TASK REQUIREMENTS:
Print out the data precisely as it appears here, with no pictures.

PROVIDED DATA:
************

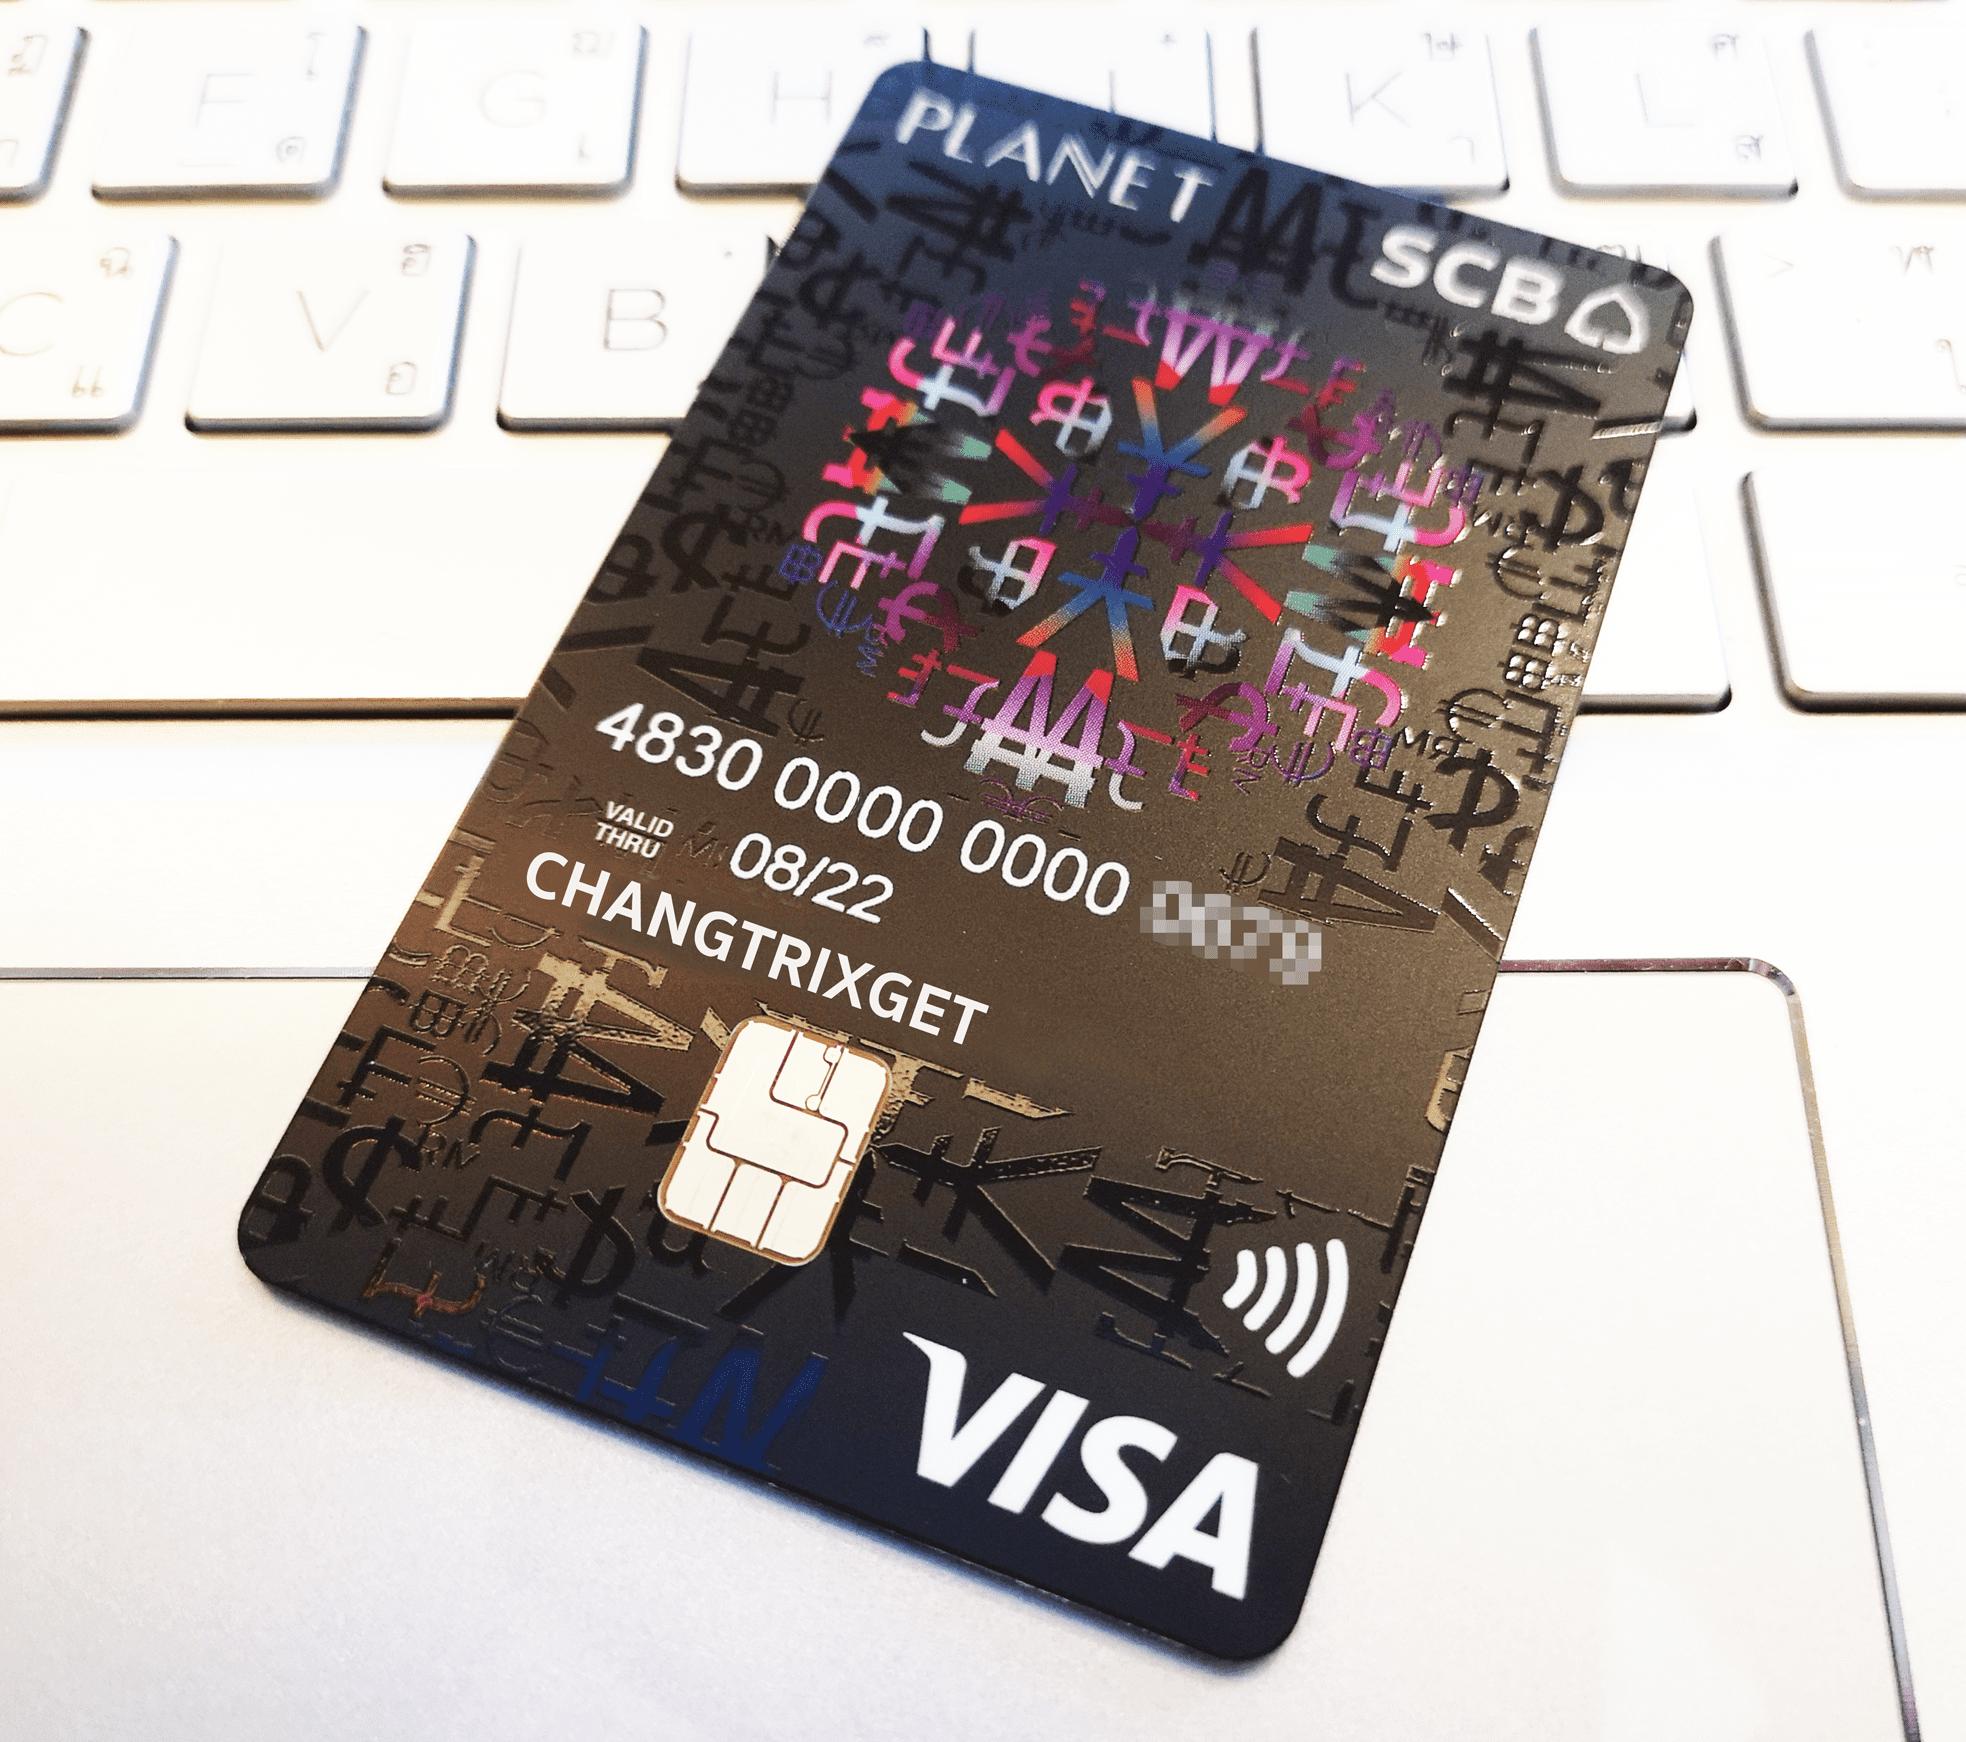 บัตรแลกเงิน planet scb
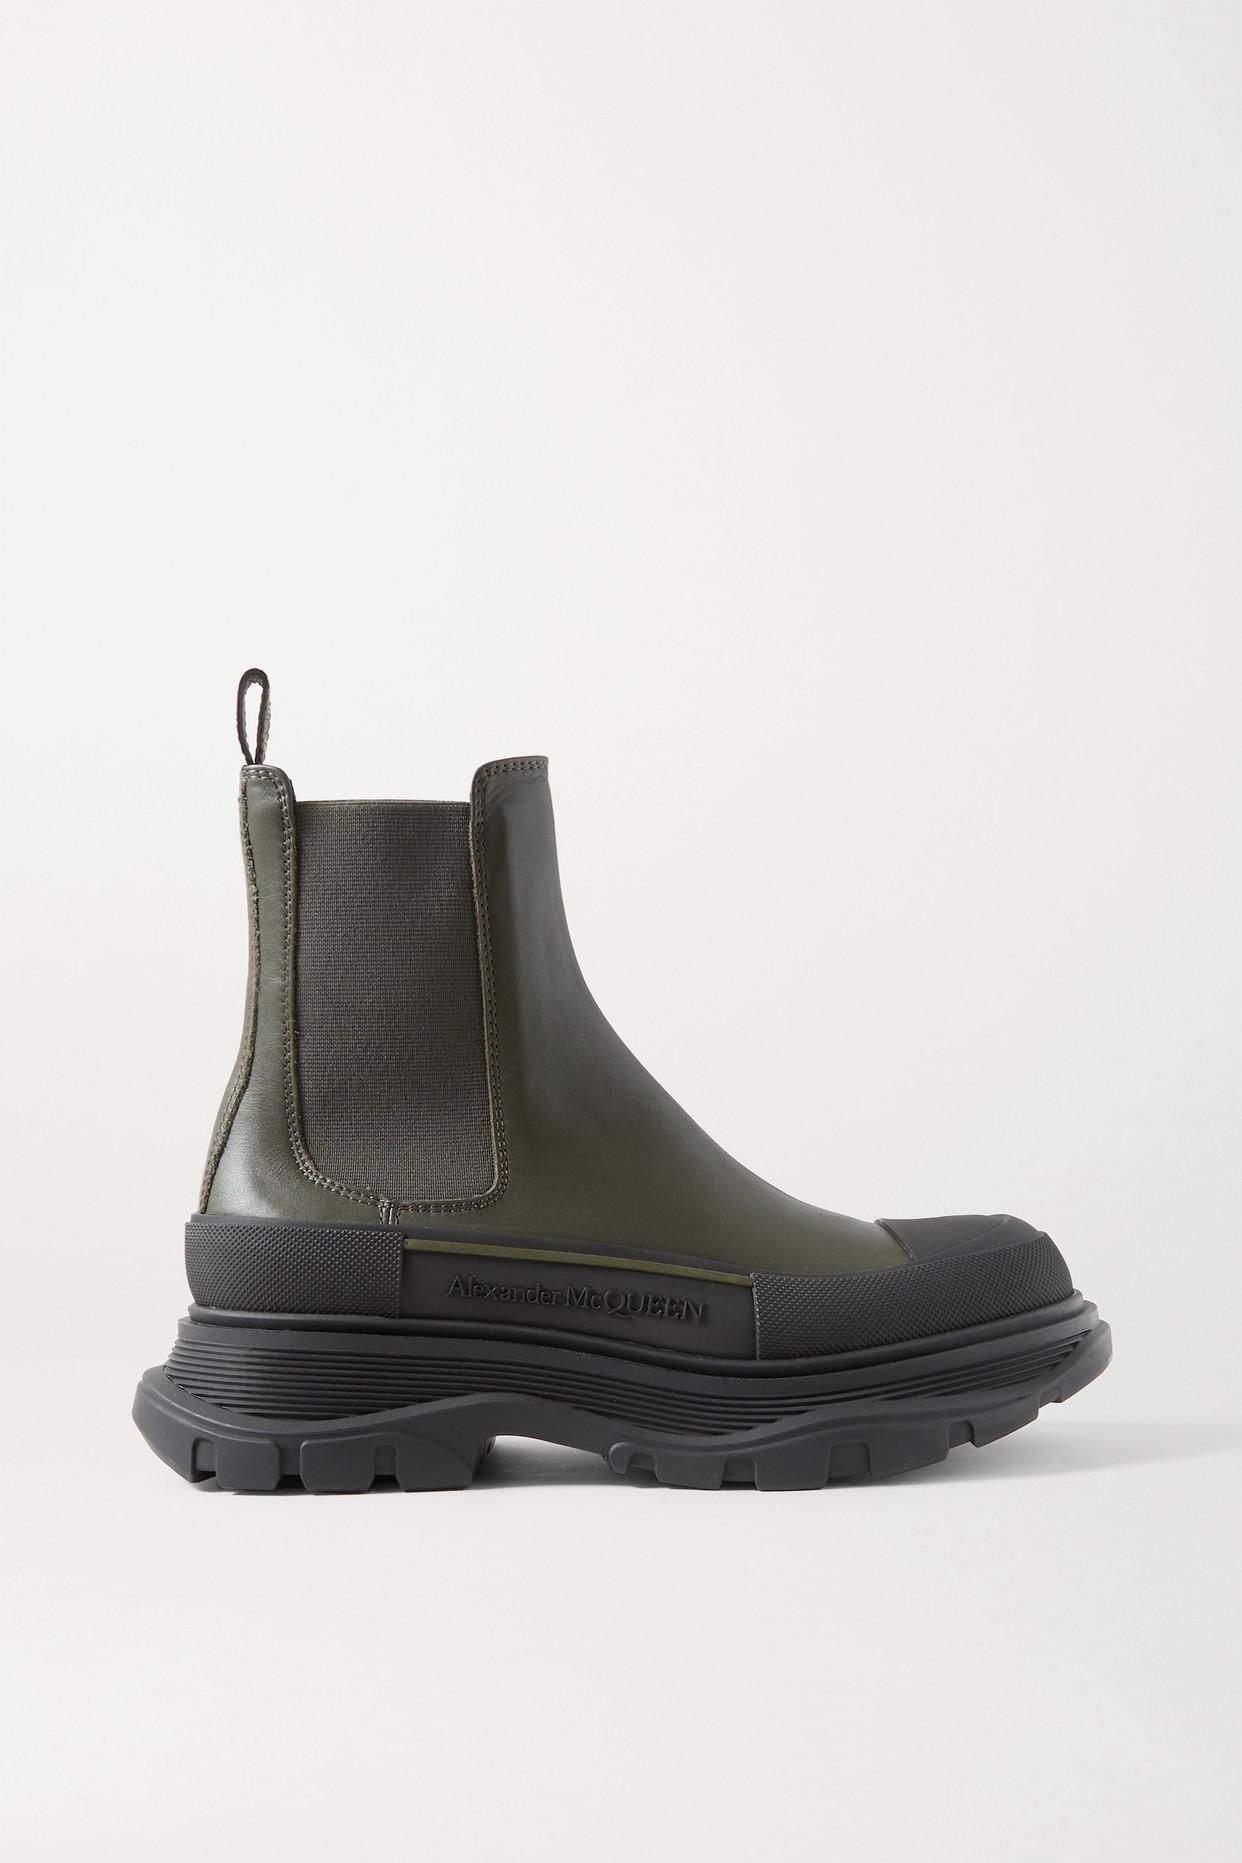 ALEXANDER MCQUEEN - 皮革厚底切尔西靴 - 绿色 - IT41
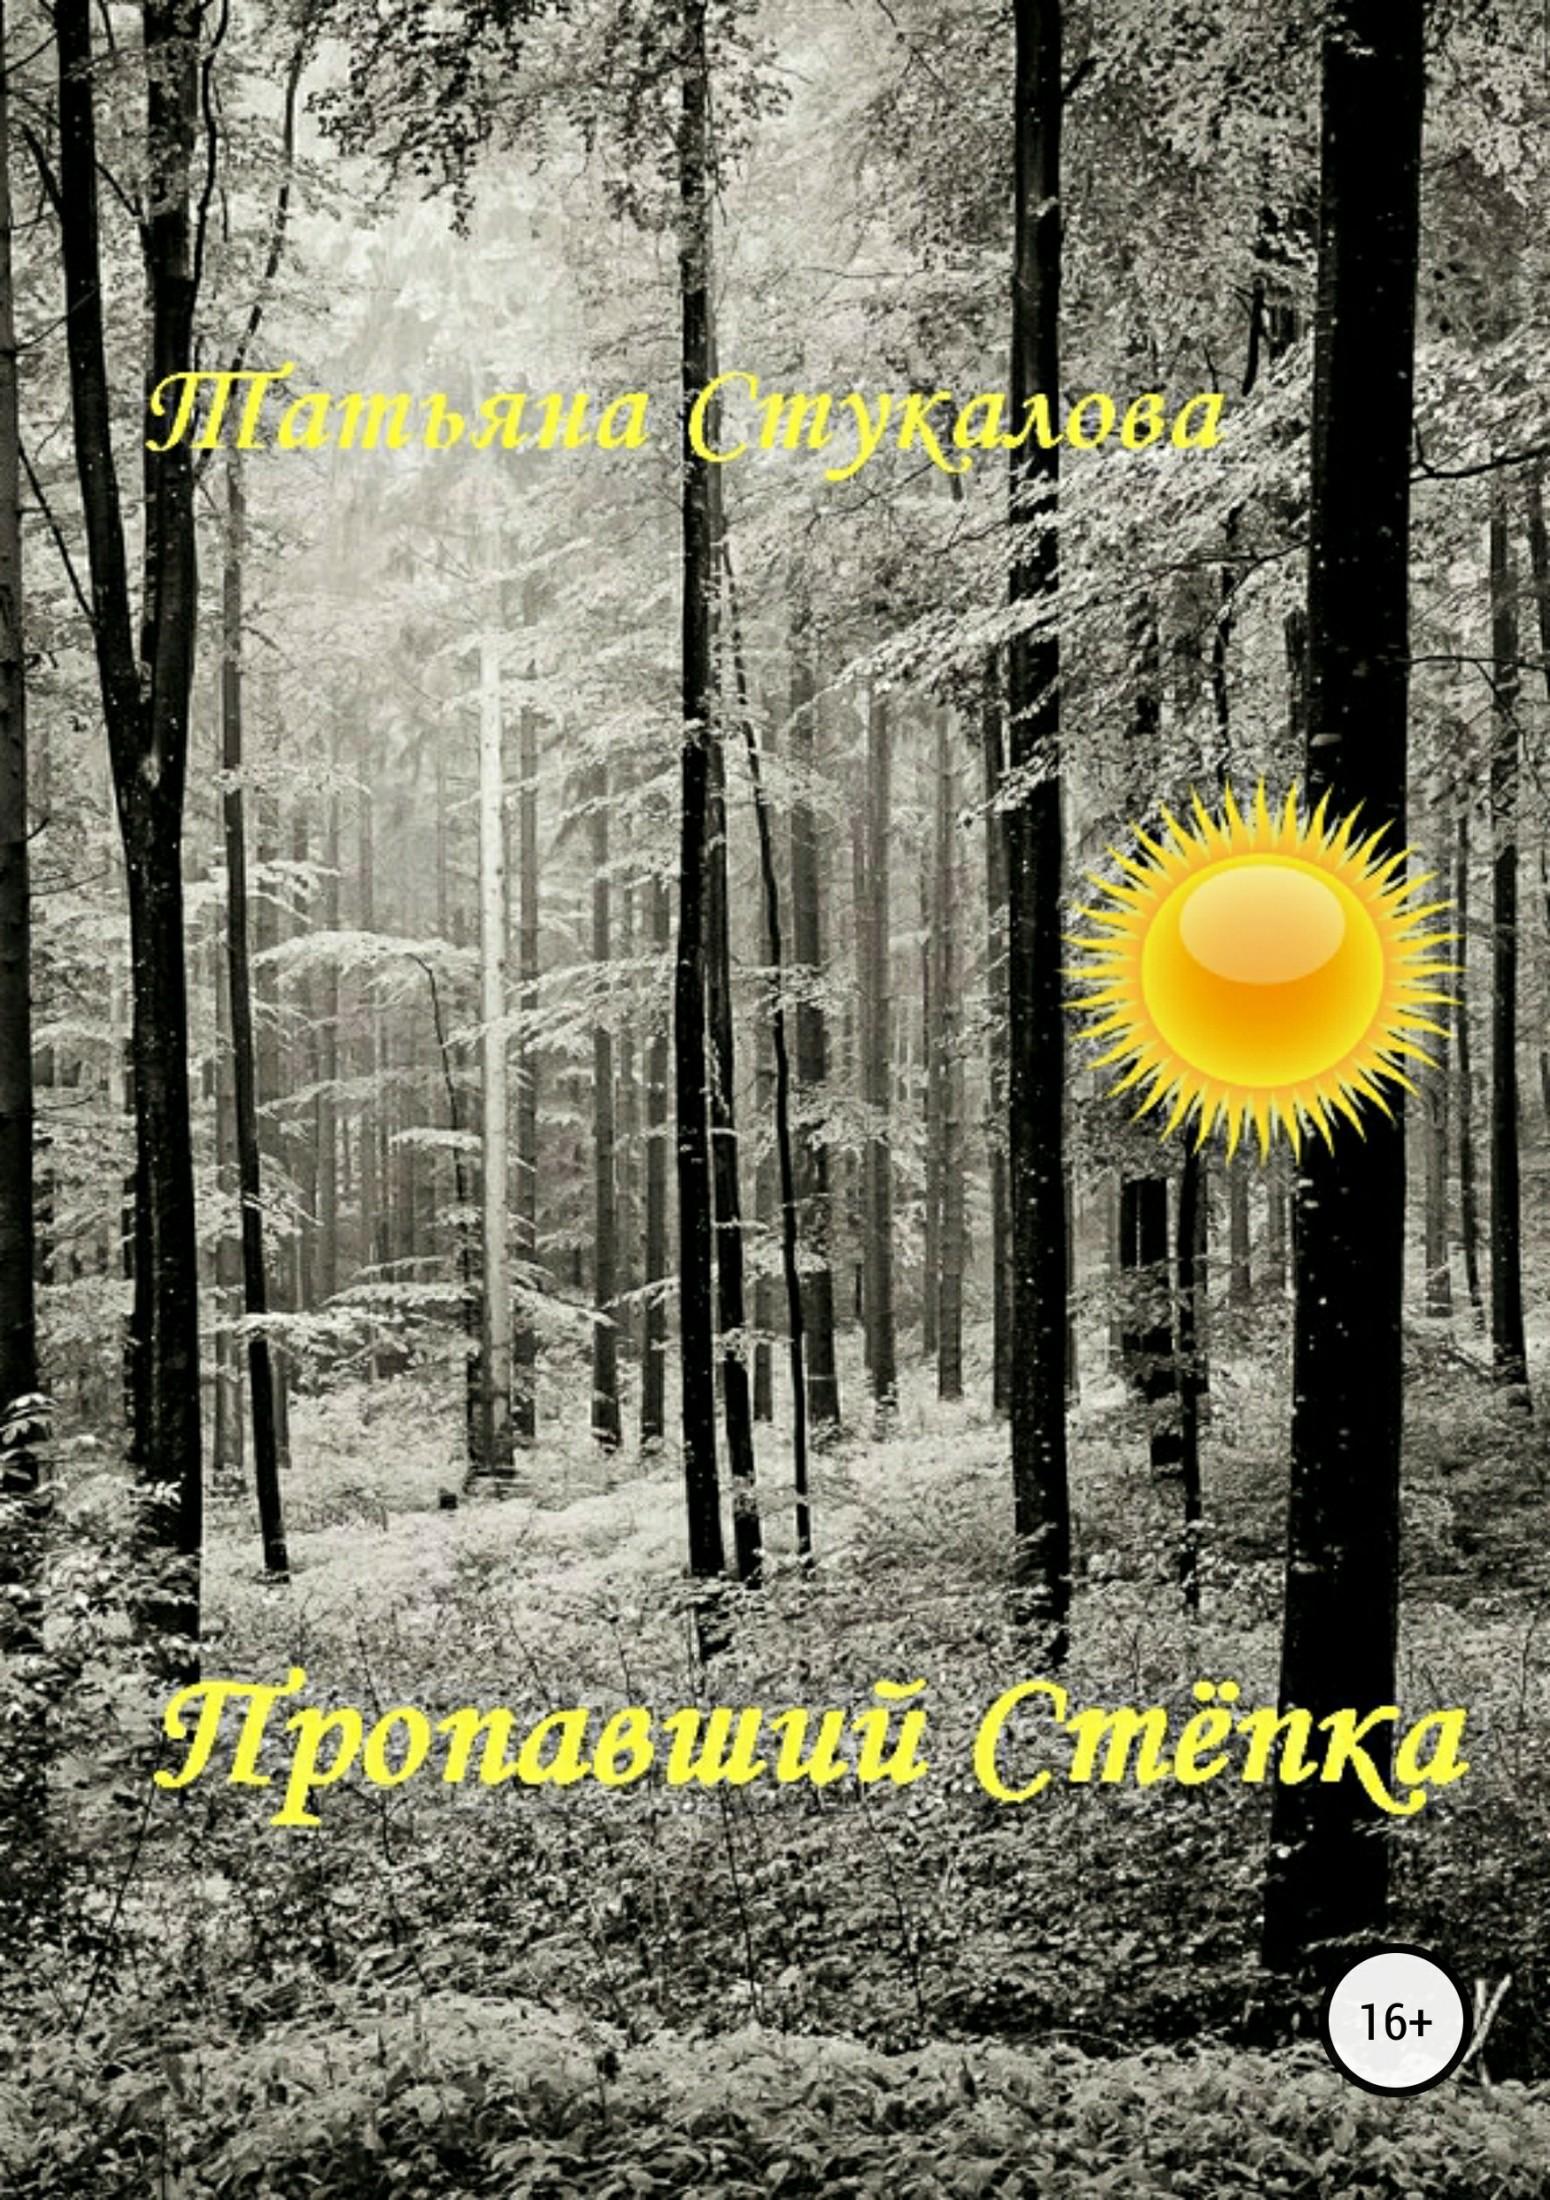 Татьяна Стукалова. Пропавший Стёпка

************

EXERCISE ANSWER:
 บัตรแลกเงิน planet scb
 ALEXANDER MCQUEEN - 皮革厚底切尔西靴 - 绿色 - IT41
 Татьяна Стукалова. Пропавший Стёпка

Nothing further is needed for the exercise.